_Your goal_
Retype, exactly and completely, the listing that comes next, skipping its images.

_Given data_
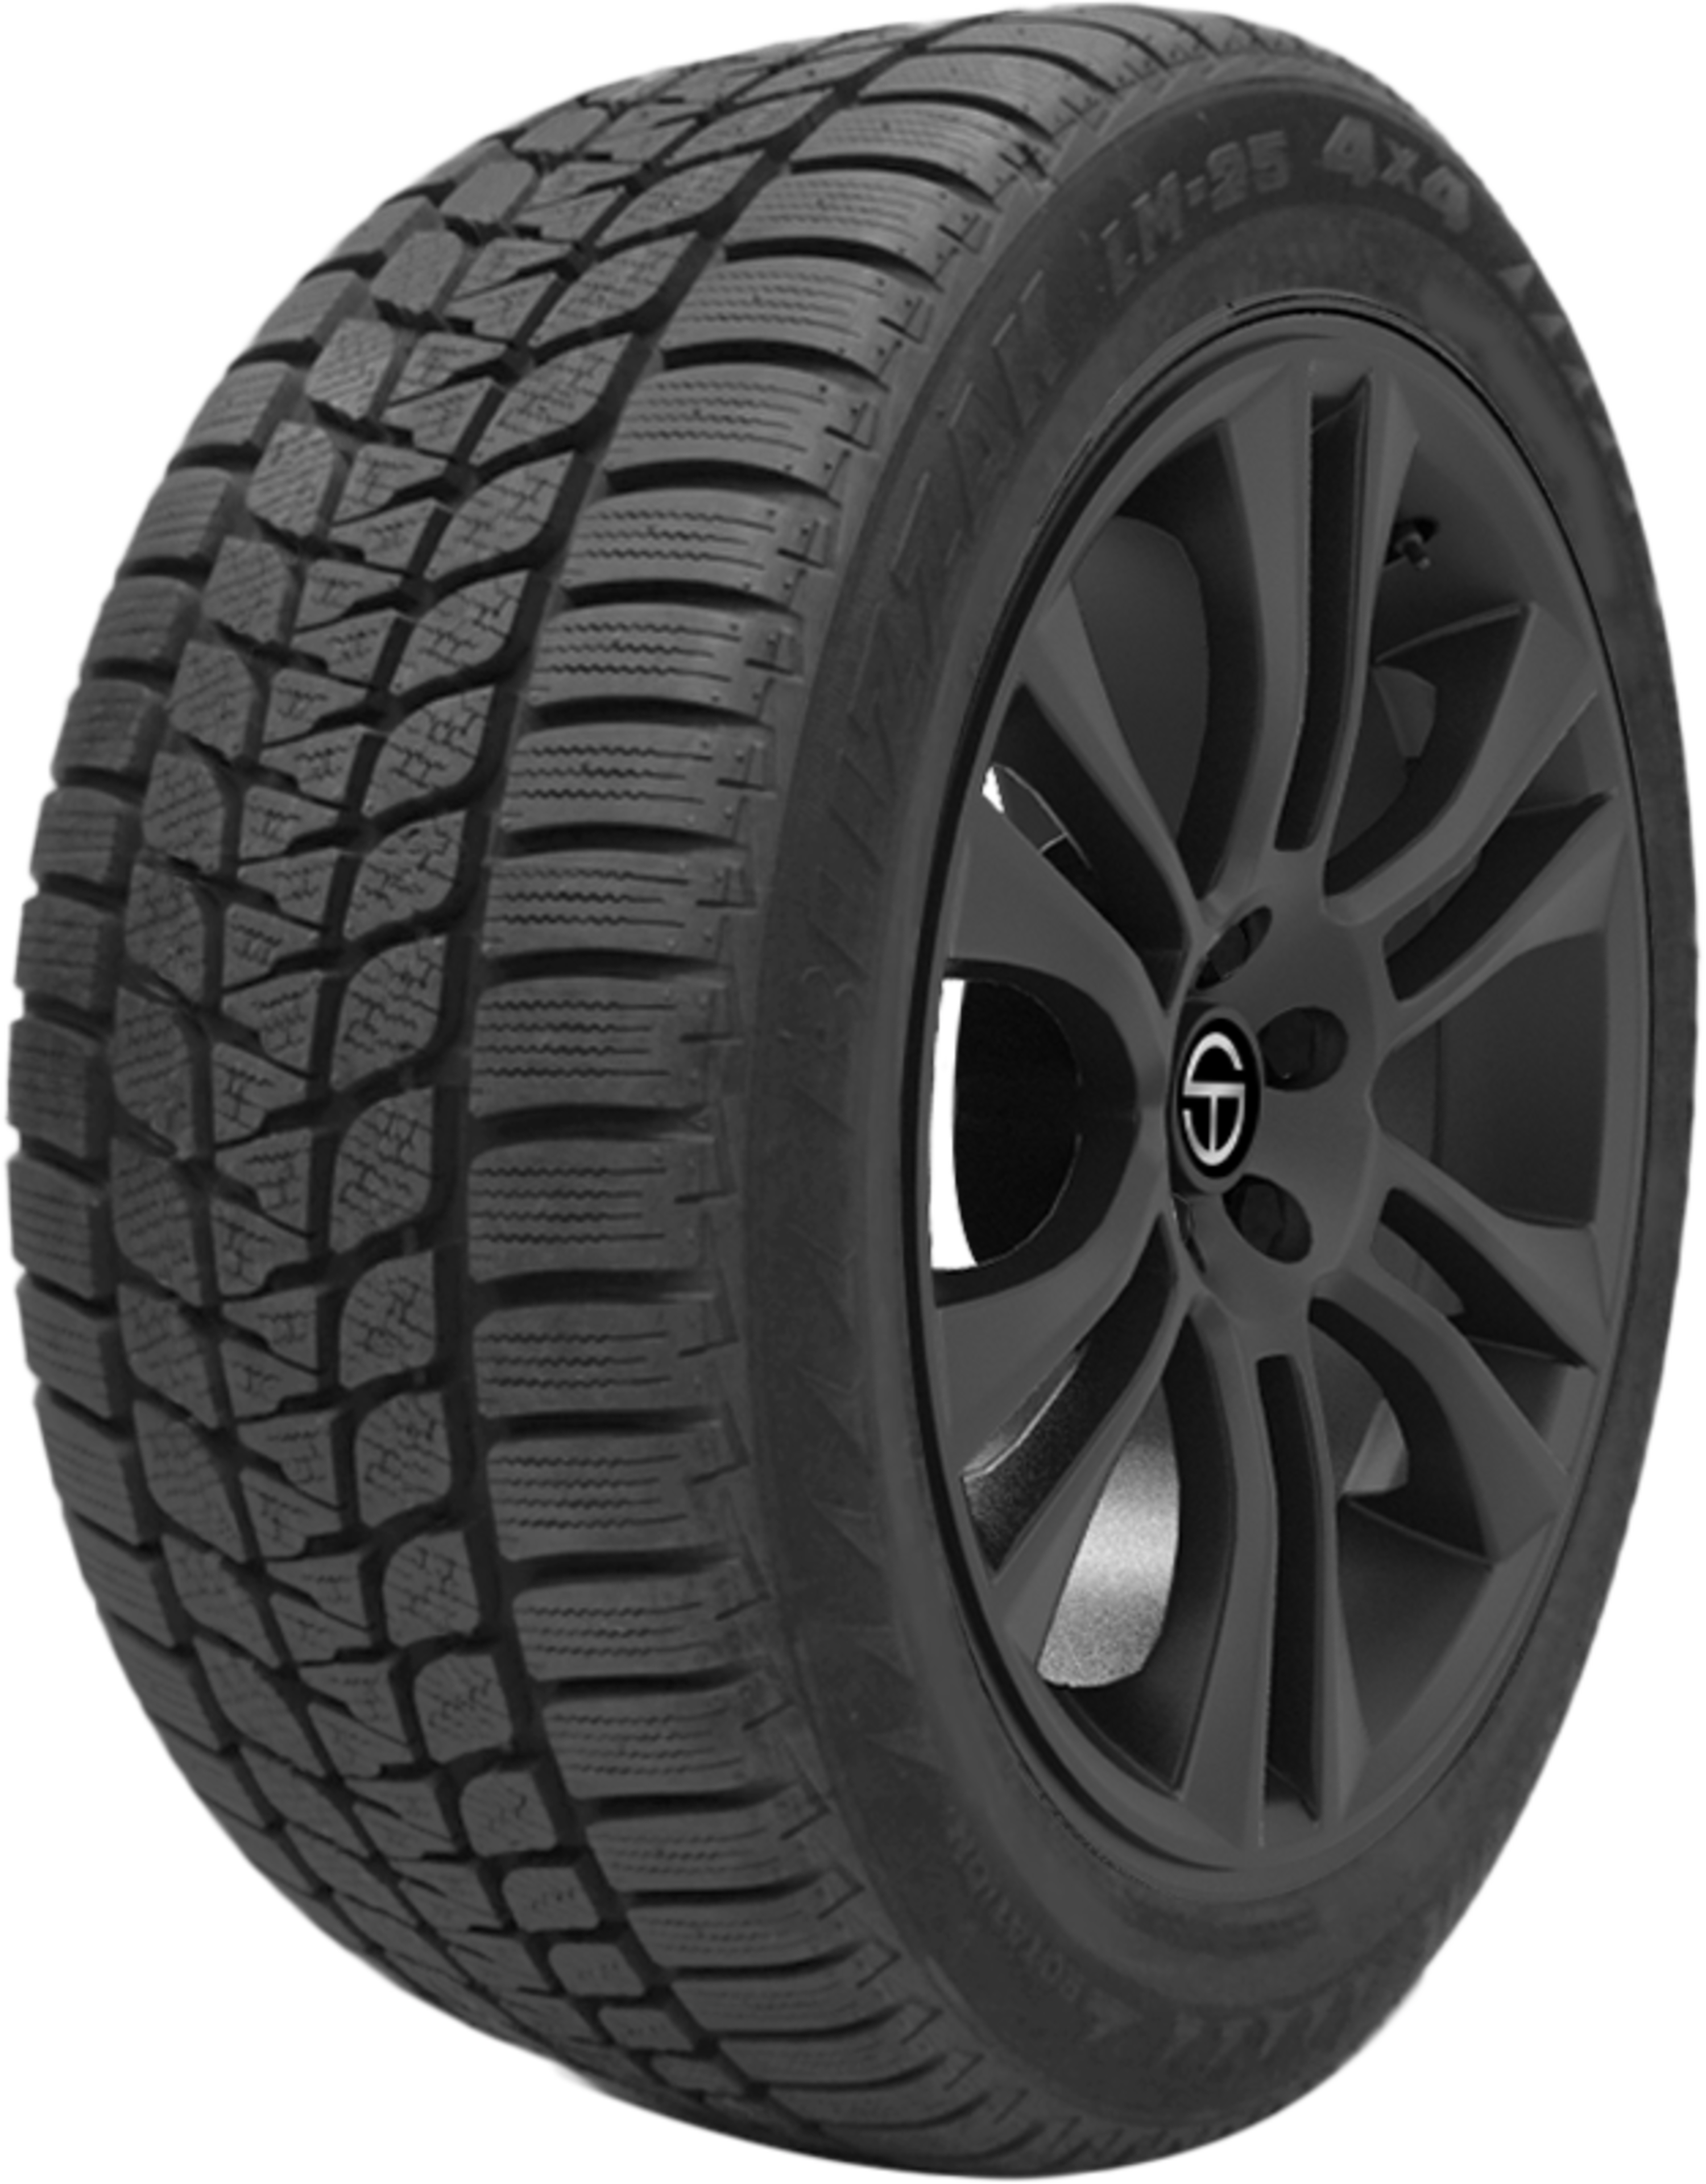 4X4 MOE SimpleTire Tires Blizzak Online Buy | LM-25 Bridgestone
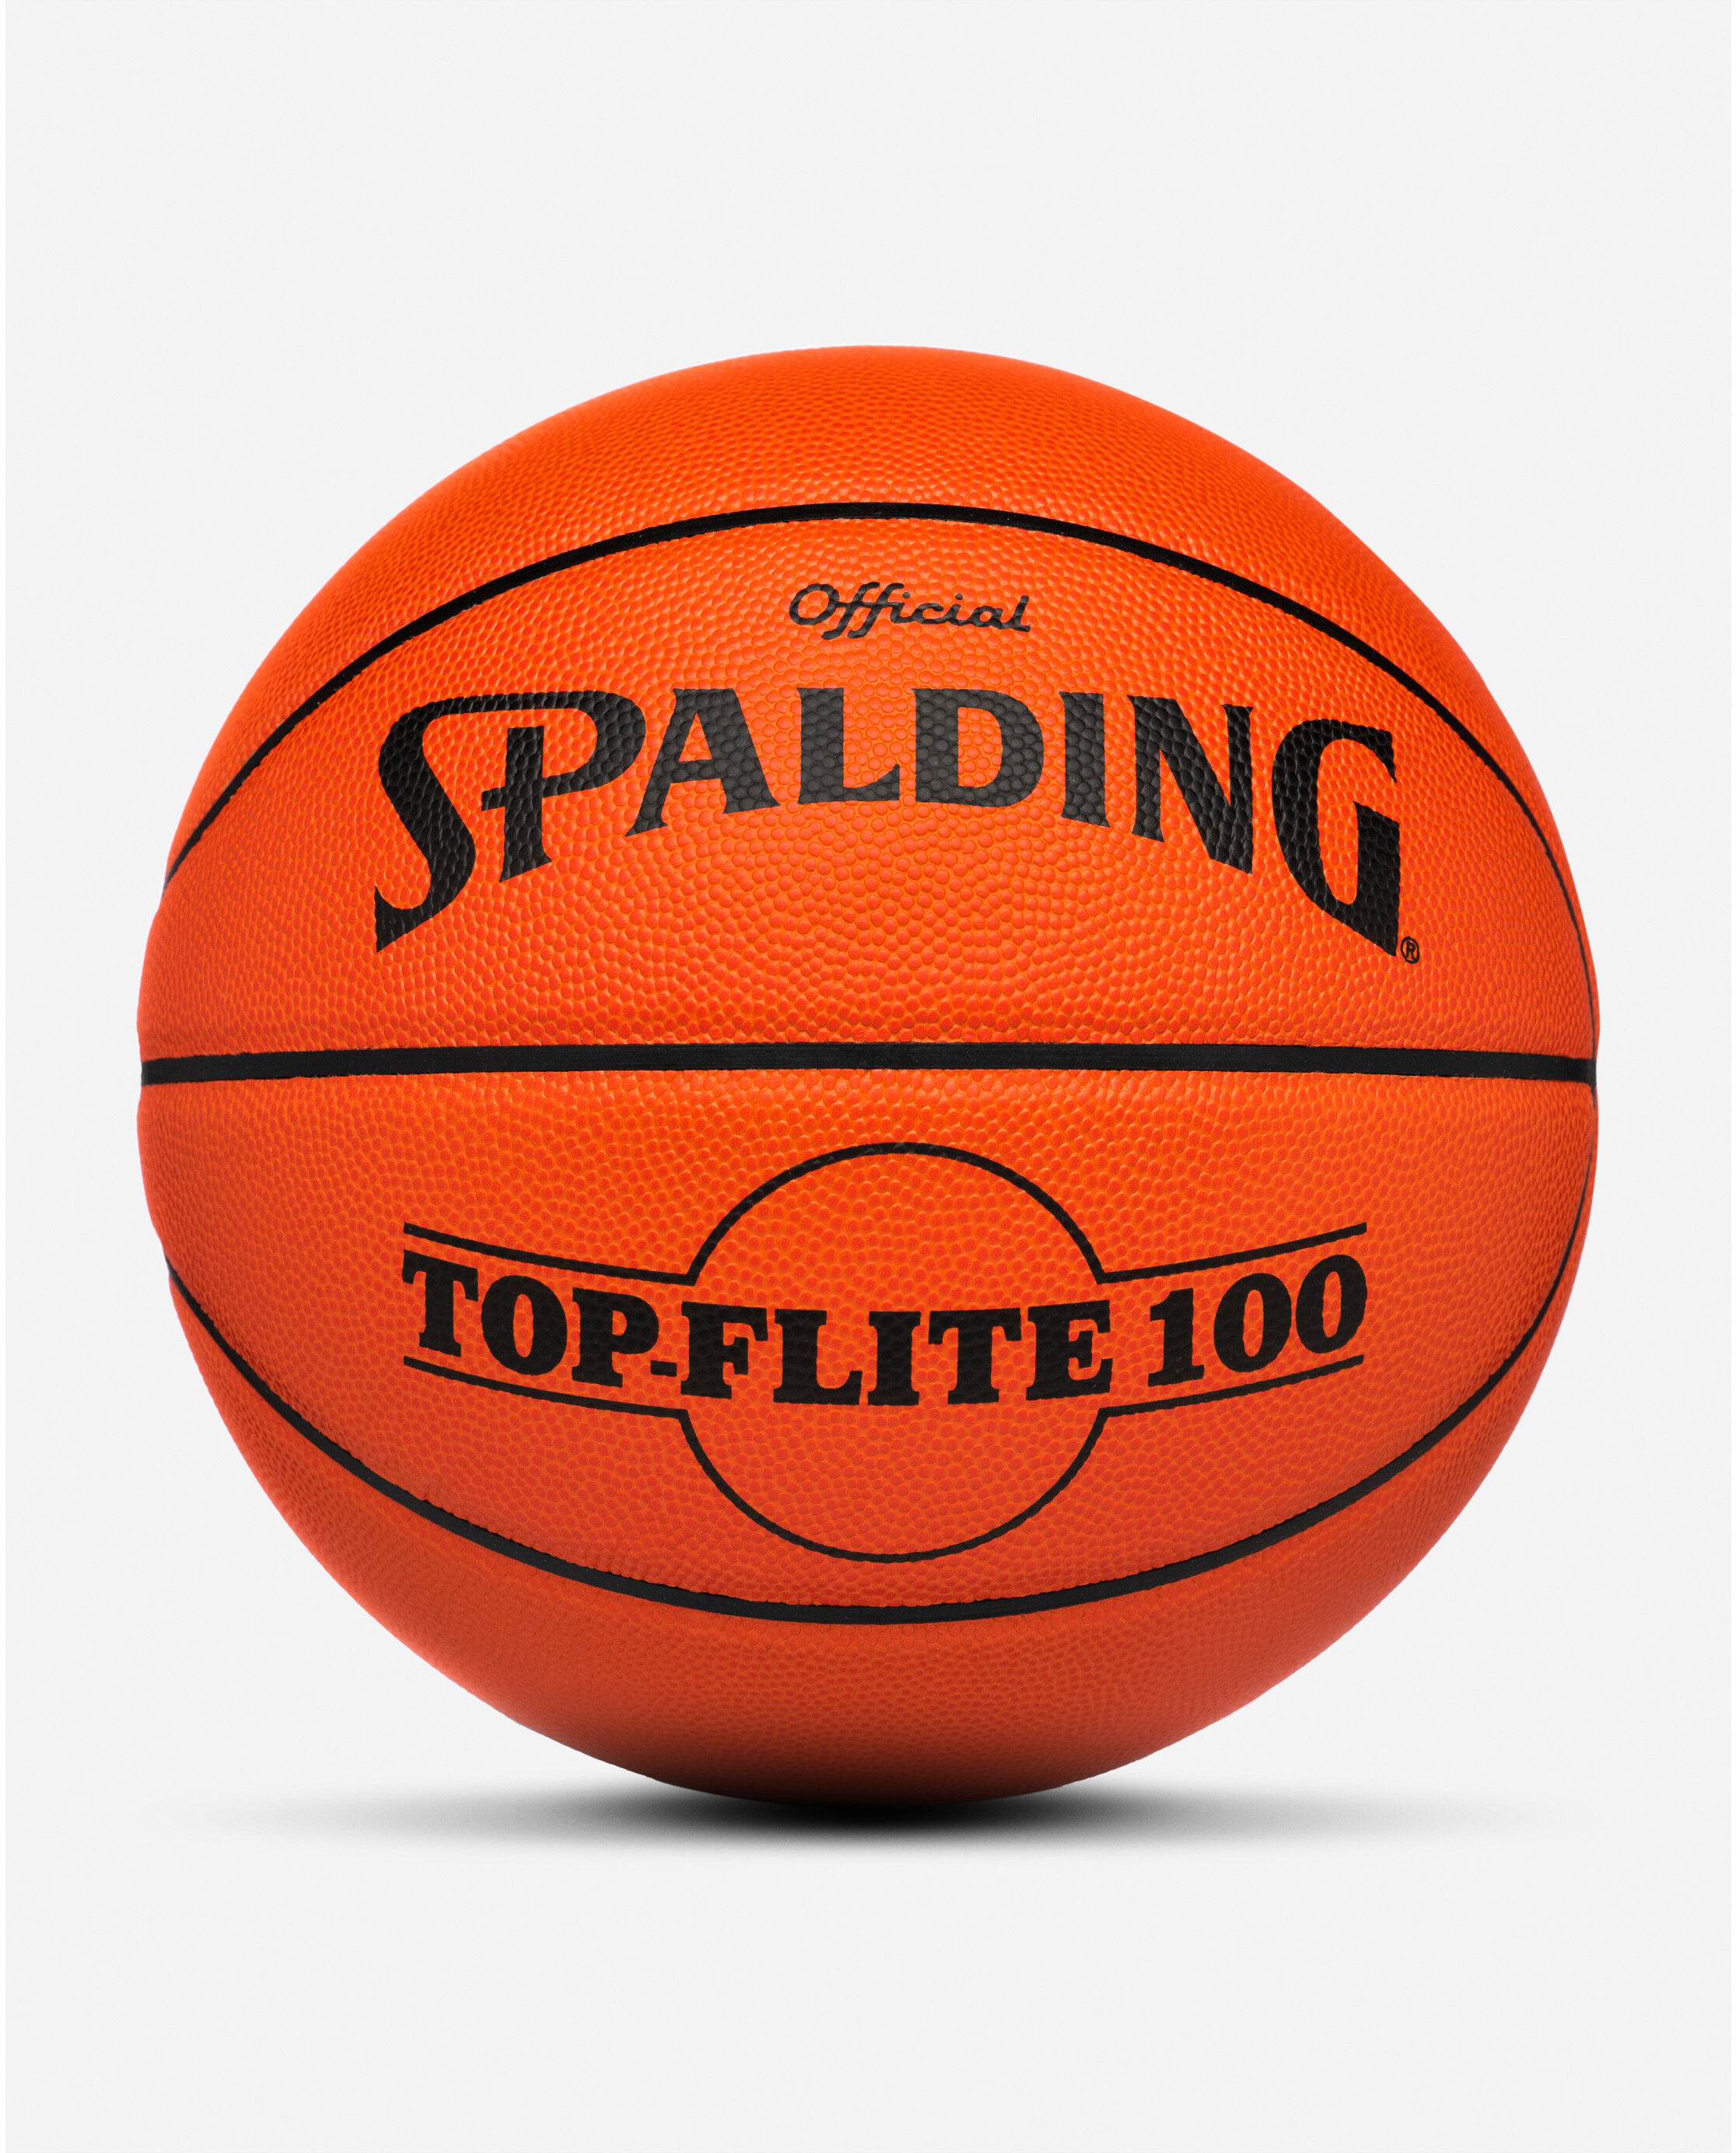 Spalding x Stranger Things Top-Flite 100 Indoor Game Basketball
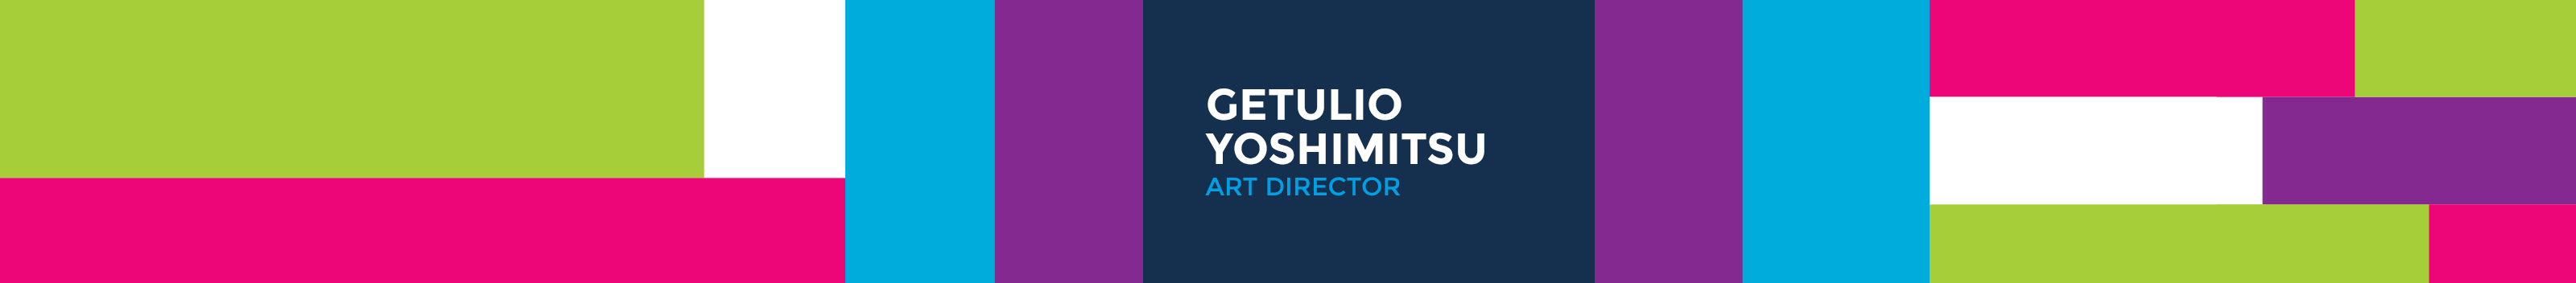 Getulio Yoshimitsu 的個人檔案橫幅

_Answer to the problem_
 4X4 MOE SimpleTire Tires Blizzak Online Buy | LM-25 Bridgestone
 Spalding x Stranger Things Top-Flite 100 Indoor Game Basketball
 Getulio Yoshimitsu 的個人檔案橫幅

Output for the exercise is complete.